The Foundation of Evergreen Content Is Shaking
For years, evergreen content has been a cornerstone of digital publishing. Topics like “how to change a tire” or “how to set up a new website” consistently draw traffic because the information rarely changes. The promise was simple: invest in creating a high-quality resource, and it will deliver a steady stream of visitors over a long period with minimal updates.
This established model is now facing disruption. AI-driven features in search engines, such as Google's AI Overviews, are designed to synthesize information from multiple sources and present a concise summary at the top of the results page. For many basic, fact-based queries that evergreen content typically targets, this AI-generated answer may be sufficient for the user.
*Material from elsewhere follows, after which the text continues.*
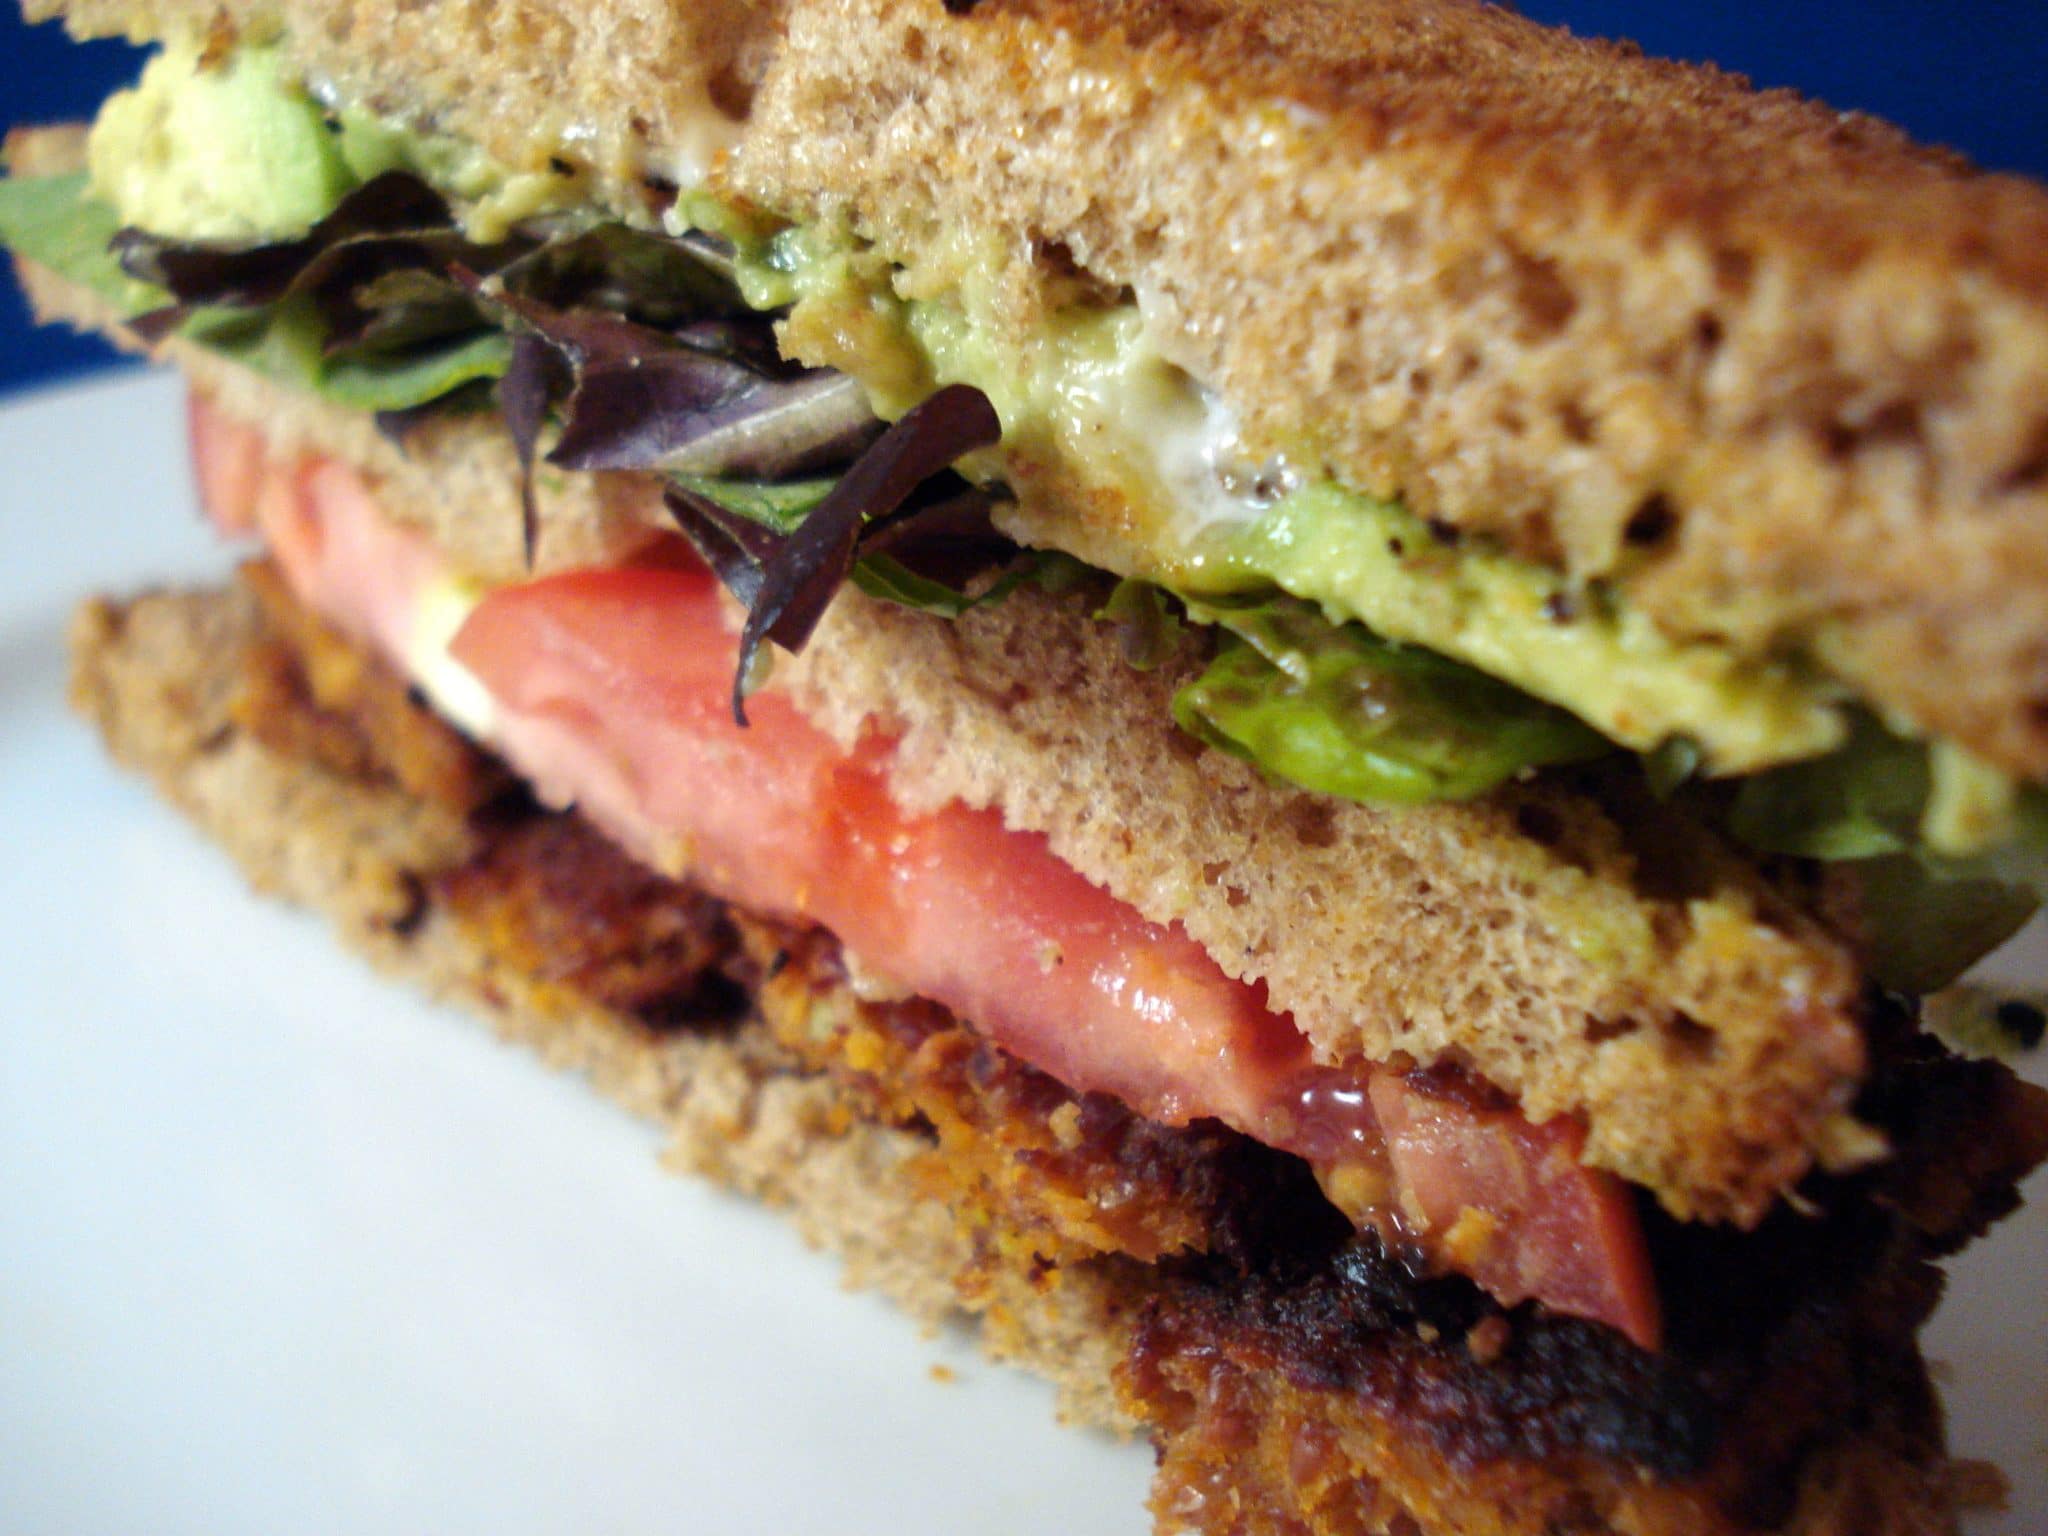 Vegan Back, Lettuce and Tomato sandwich - BLT

What is Evergreen Content?
Evergreen content refers to search-optimized material that remains relevant and useful to readers for a long time. Unlike news articles that have a short lifespan, evergreen topics are timeless. Examples include tutorials, foundational guides, and answers to frequently asked questions.
The core issue is the potential loss of clicks. If a user gets their answer directly from the search results page, they have no reason to visit the publisher's website. This undermines the entire economic model that supported the creation of that content in the first place.
A Proposed Shift to "Fast SEO"
In response to this changing environment, Ahrefs' Tim Soulo has sparked a conversation about the viability of evergreen content. He suggested that the era of such content is ending and that publishers should pivot to a more dynamic strategy.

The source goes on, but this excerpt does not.